#' @title Draw different scatterplots corresponding to a sample correlation coefficient
#'
#' @description This function illustrates the importance of looking at your data
#' before moving to numeric methods. More specifically, it illustrates
#' that a single correlation coefficient can correspond to wildly
#' different patterns in the data. In all, 16 scatterplots with the
#' same sample Pearson correlation coefficient are drawn.
#' @param r The desired sample correlation coefficient.
#' This must be a number equal to or larger than -1 and smaller than
#' (but not equal to) 1.
#' @param n The number of data points per scatterplot.
#' @param showdata Do you want to output a dataframe containing the plotted data (TRUE)
#' or not (FALSE, default)? You can also output the data for a
#' specific scatterplot by setting this parameter to the
#' corresponding number (see examples).
#' @param plot Do you want to draw the scatterplots (TRUE, default) or not (FALSE)?
#' @keywords correlation coefficients, scatterplots
#' @details
#' (1) The x/y data are drawn from a bivariate normal distribution.

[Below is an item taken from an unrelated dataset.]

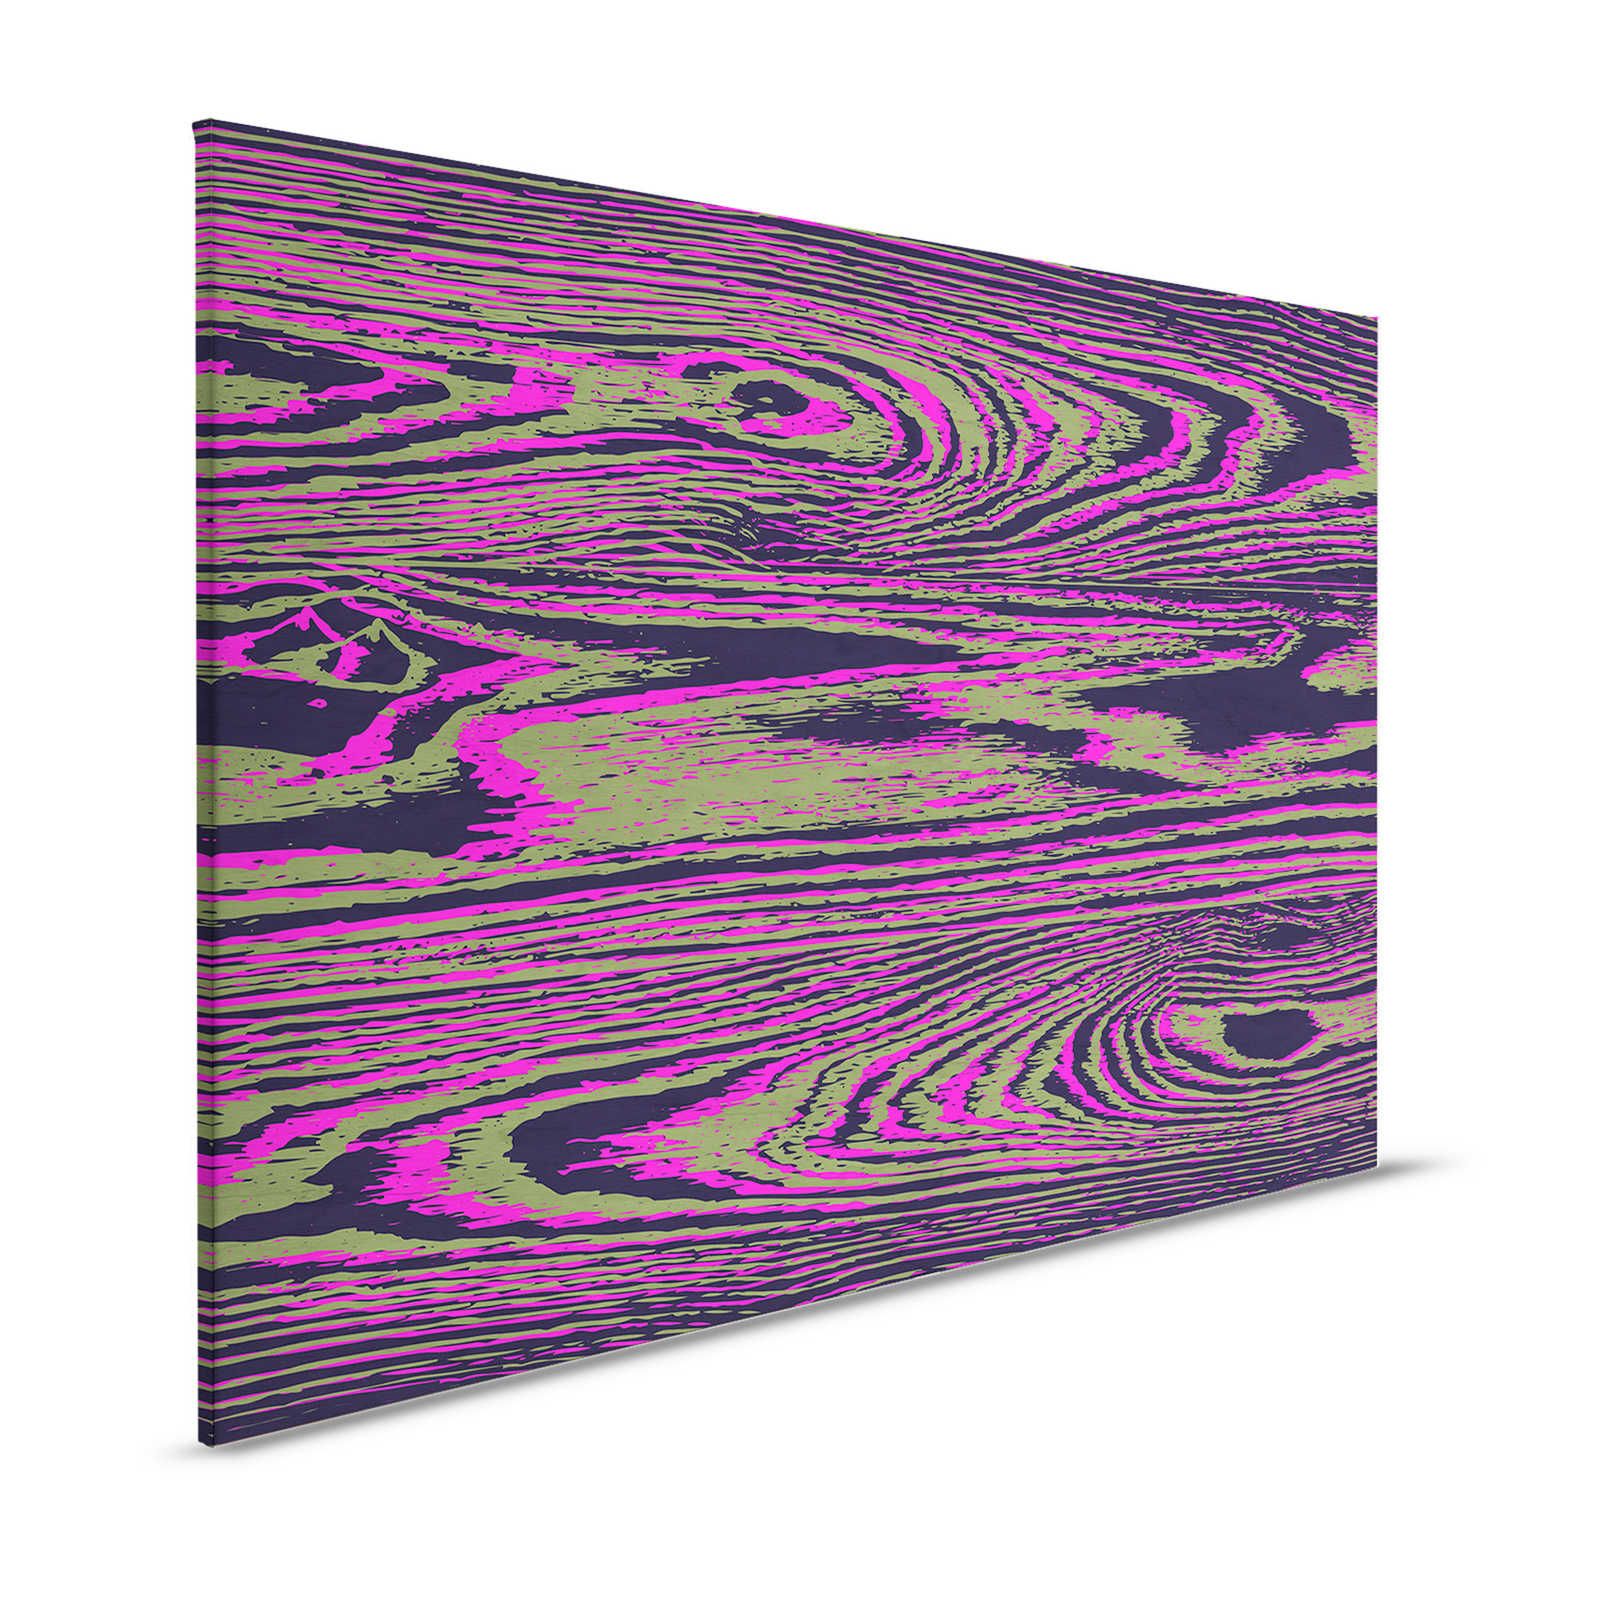 Kontiki 2 - Canvas painting Neon Wood Grain, Pink & Black - 1.20 m x 0.80 m

#' Pearson's correlation coefficient can be useful in this situation.
#'
#' (2) The x data is uniformly distributed between 0 and 1; the y
#' data are scattered normally about the regression line. This isn't
#' too problematic either.
#'
#' (3) The x data are drawn from a right-skewed distribution; the
#' y data are scattered normally about the regression line. While
#' all y-data follow from the same data-generating mechanism
#' (i.e., outliers reflect the same process as ordinary data points
#' and aren't the result of, say, transcription errors), outlying
#' data points may exert a large effect on the correlation coefficient.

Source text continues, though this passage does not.